Set after the events of 2014’s Godzilla, Monarch is “about this brother and sister trying to figure out who their father is, and the giant monsters keep getting in the way”, says executive producer Matt Fraction, who developed the series with showrunner Chris Black. “It’s not about buildings getting knocked over and stuff blowing up.”
Monarch: Legacy of Monsters – must-see for any curious Godzilla fan
Monarch: Legacy of Monsters – must-see for any curious Godzilla fan
But as Godzilla fans themselves, Black and Fraction are keenly aware that part of the appeal of the Monsterverse films is the spectacle of things getting knocked over and blown up. Their goal was to deliver those elements “at a level that people expect from those movies” wherever they were able to, says Black.

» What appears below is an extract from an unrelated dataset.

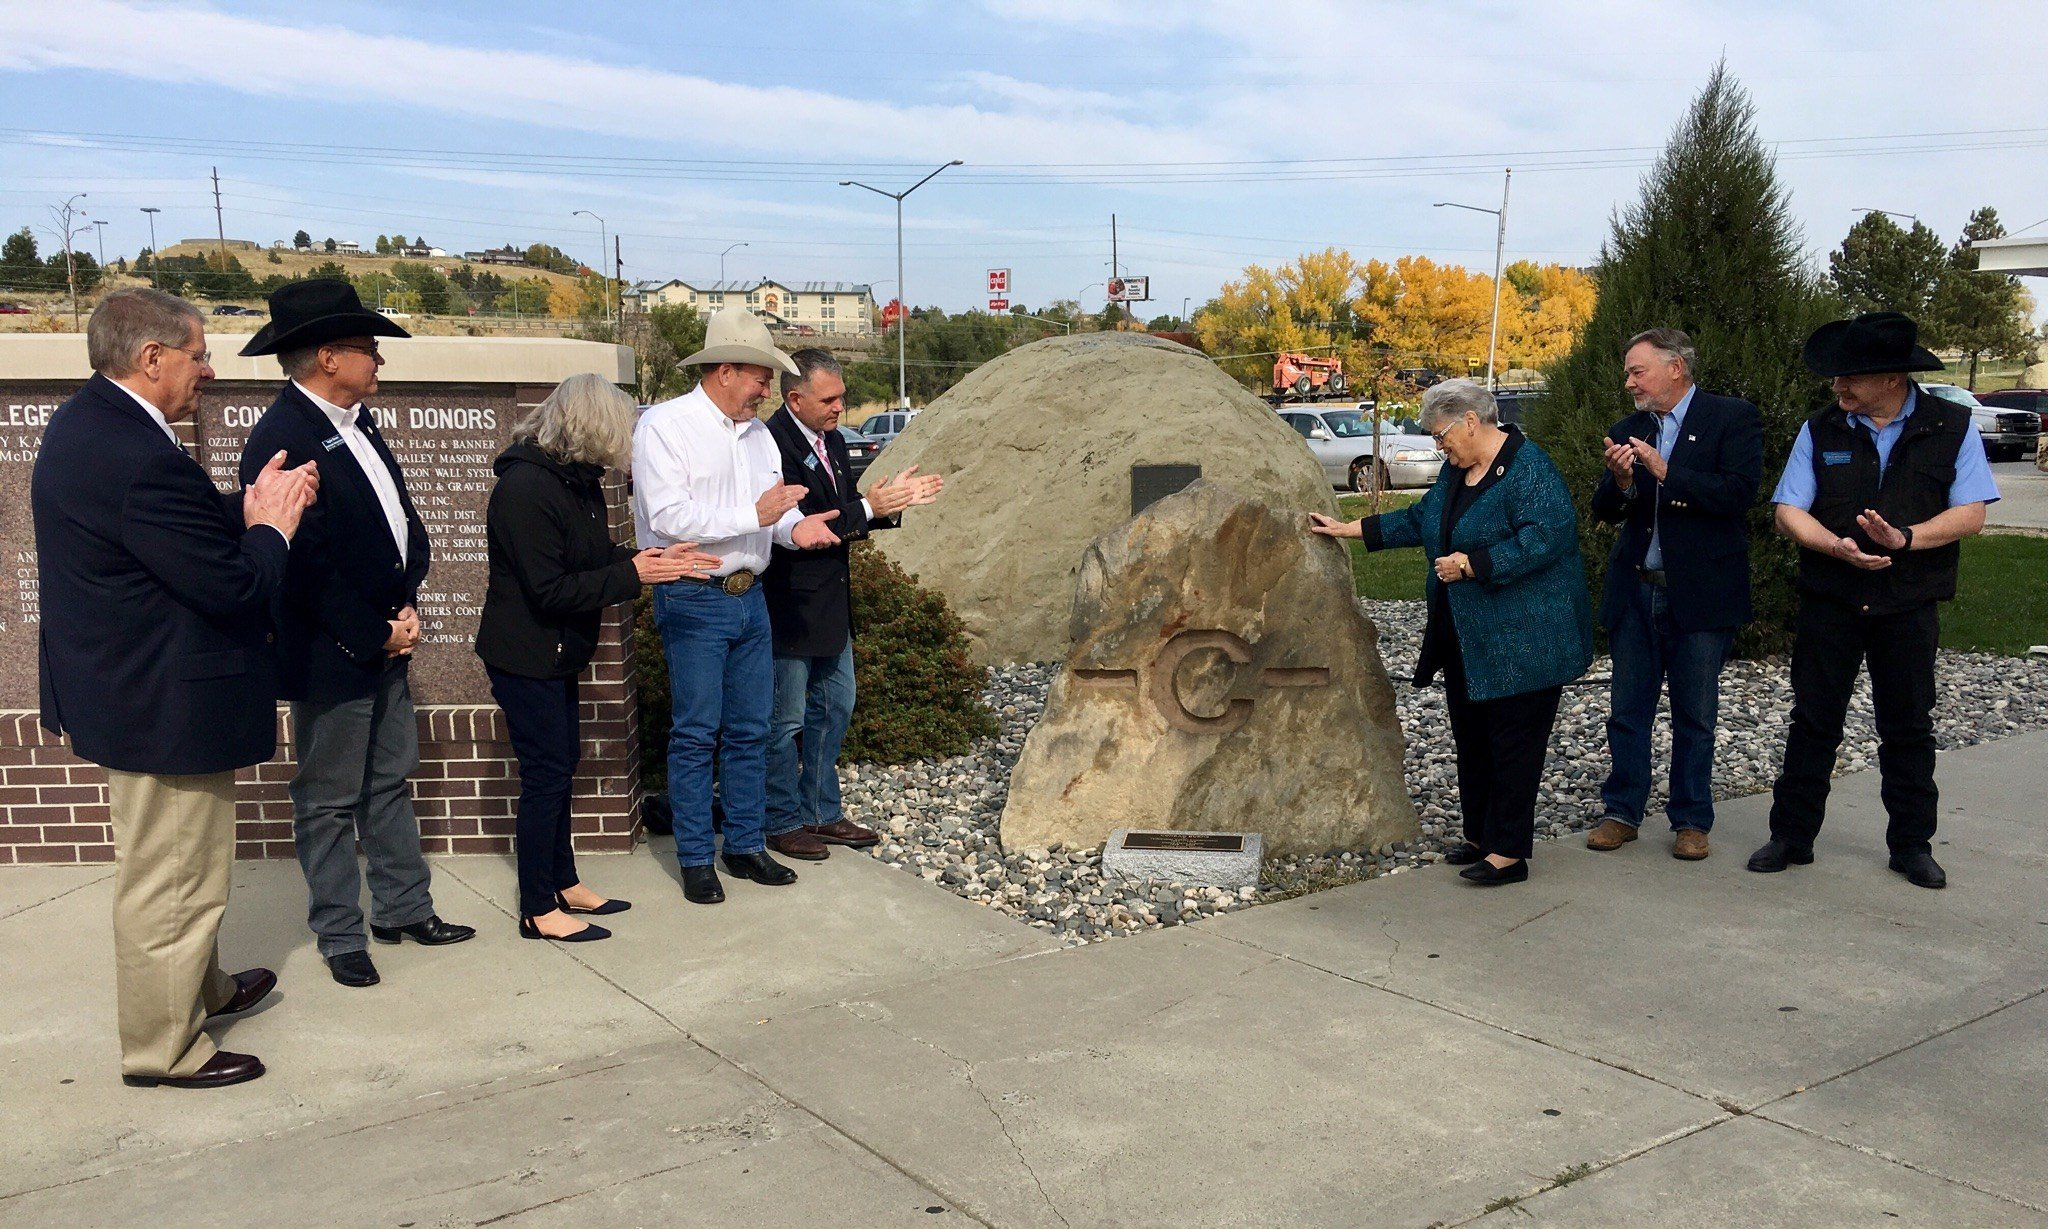 The rock has the brand Conrad Burns used for livestock. (MTN News Photo)

Still, at its core, Monarch is a messy intergenerational family drama about a Japanese and Japanese-American family (with a few messy love stories too).

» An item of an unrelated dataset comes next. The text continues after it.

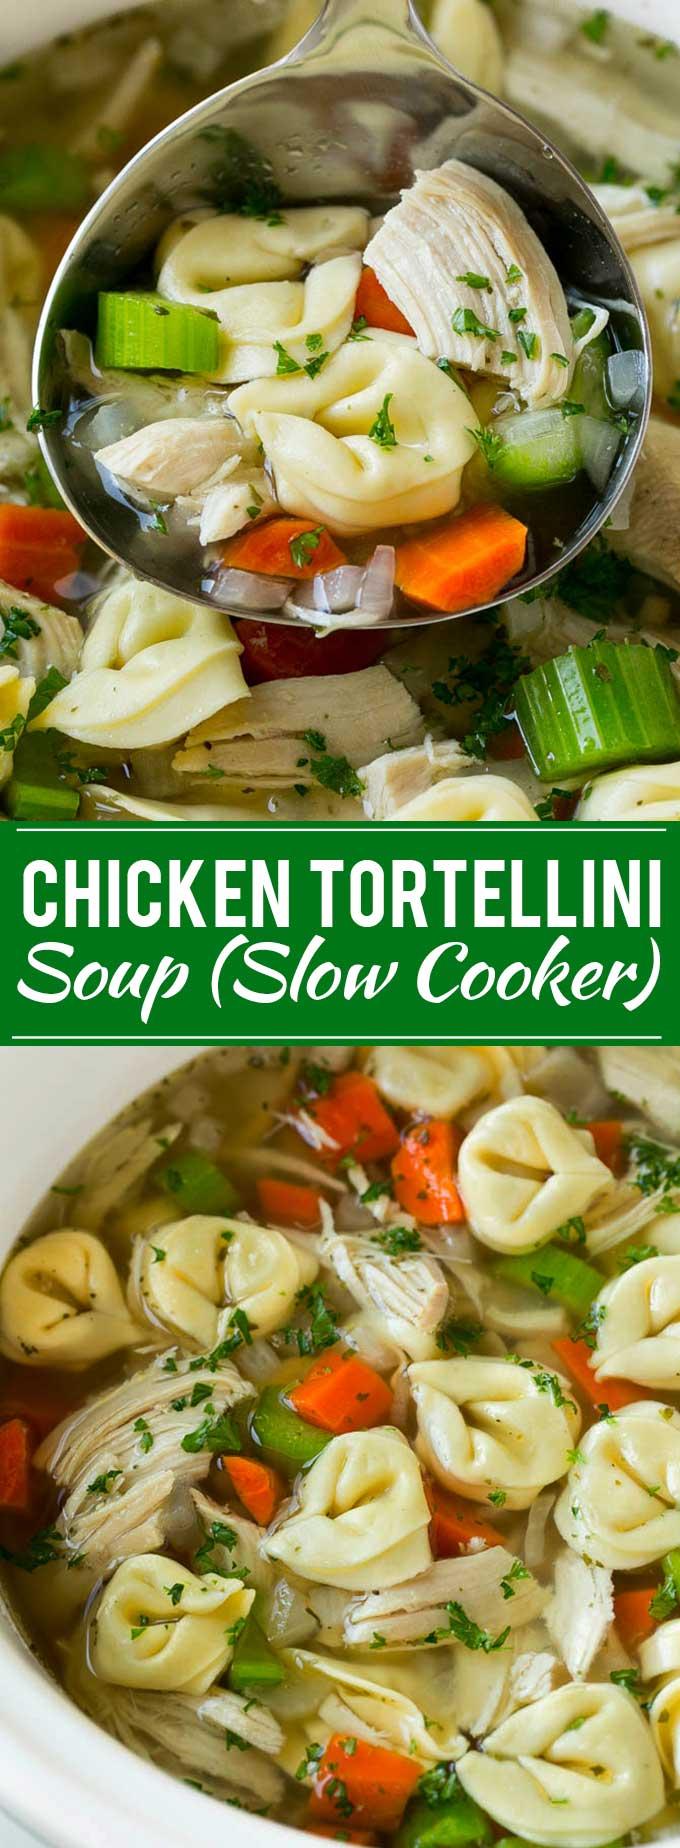 Chicken Tortellini Soup Recipe | Chicken Soup Recipe | Slow Cooker Chicken Soup

Black says “it just felt obvious” to start their story in Japan.
“You can go anywhere in the world and they know what Godzilla is, but his cultural homeland and birthplace is Japan,” says Black. “It felt to Matt and I like that’s where the story’s got to start.

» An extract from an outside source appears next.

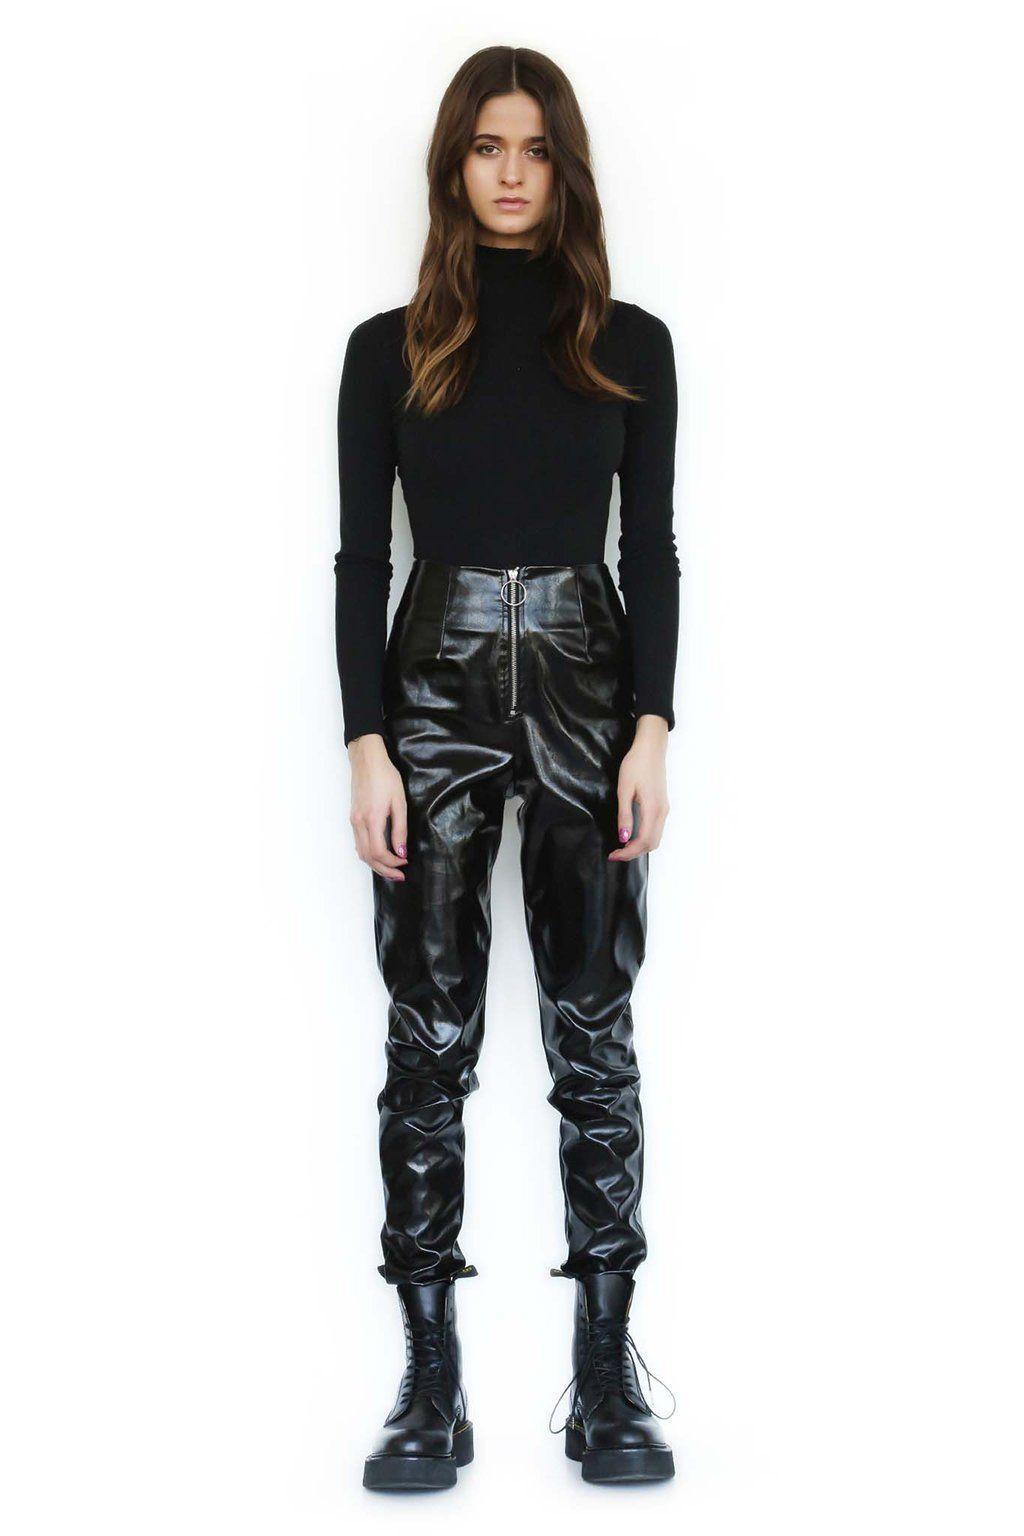 STONE BODYSUIT BLACK Alternative outfits, Fashion

“Once we made that decision, in creating a group of Japanese characters and a Japanese family, it was incredibly important to us that this be authentic, that we not be trying to mimic or appropriate someone else’s culture. We didn’t want to fake Japan.”
This involved casting Japanese actors who were native or fluent in the language and could speak up when their characters’ dialogue didn’t quite work.
“We would write a scene the way we knew how to write it, in colloquial American English, and then it would be translated into Japanese,” says Black. “The actors would come to us and say, ‘The phrasing you’re using here, a Japanese person wouldn’t say it this way’.”
Adds Fraction: “Even if we spoke Japanese as a second language, that idiomatic stuff is the hardest thing to get.”
Because Cate is Japanese-American, Sawai says she didn’t rework much of the language “because it was OK that it was a little bit rigid”.
“I had to put on a bit of an American accent when I spoke Japanese,” said Sawai, who was born in New Zealand and is of Japanese descent. “And it was very intentional when she was using the language because it was her secret language with her dad. So I didn’t have a lot of Japanese dialogue.”
But Watabe says he translated his lines himself “because what they were doing wasn’t working for me”.
“There’s the English script and then I had to translate [it into] my own words, which worked out for the character,” says Watabe. “But that was really difficult, to be honest. I think it’s a learning experience. From here on forward, we should have a proper writer who can write in Japanese.”
Sawai, who has worked on multiple projects where dialogue written in English has been translated into Japanese, agreed that “you need a bilingual person” to make it work.
“It’s so difficult because when you translate the English line, it’s never going to turn out the same way,” says Sawai. “The language is just different. It’s structured differently and we speak in a different way. If you take what’s directly translated, that’s not how we speak.”
Watabe also found himself questioning whether the accuracy would matter to the audiences if they were predominantly English speakers who did not understand Japanese.
But Sawai reassured him that it was still important that he made the effort to get it right no matter the size of the Japanese-speaking audience. She also commended the Monarch creatives for being open to making these adjustments.
For the team, authenticity was more than just getting the language right. The series was filmed in Tokyo, which came with its own learning curve, and the team was always adjusting details like what food a mother might have on hand for a late-night meal and what snack foods have a recognisable commercial jingle.
“The places we shot were the kind of places in Tokyo you don’t usually see on screen,” says Fraction. “It delighted our Japanese crew when we were over there … It’s parts of Tokyo that aren’t seen but it’s super authentic.”
Black and Fraction explain that ultimately, their approach was to be as open as possible to people telling them they got something wrong. This involved listening to their Japanese actors, the Japanese production team in Tokyo and the Japanese casting director, as well as the Japanese-American and Japanese-Canadian writers on the Monarch staff.
The executive producers are also aware of one thing they did not get quite right about Tokyo: the size of Kentaro and his mother’s apartment.
“Everyone who had ever lived or worked in Japan pointed out to us that the apartment that Emiko and Kentara live in is way too big,” Black says of the apartment set built in Vancouver. “No one in Tokyo has an apartment that big.”
“But if in the Godzilla Monsterverse show, that’s where your suspension of disbelief gets rocked, we’re doing good,” quips Fraction.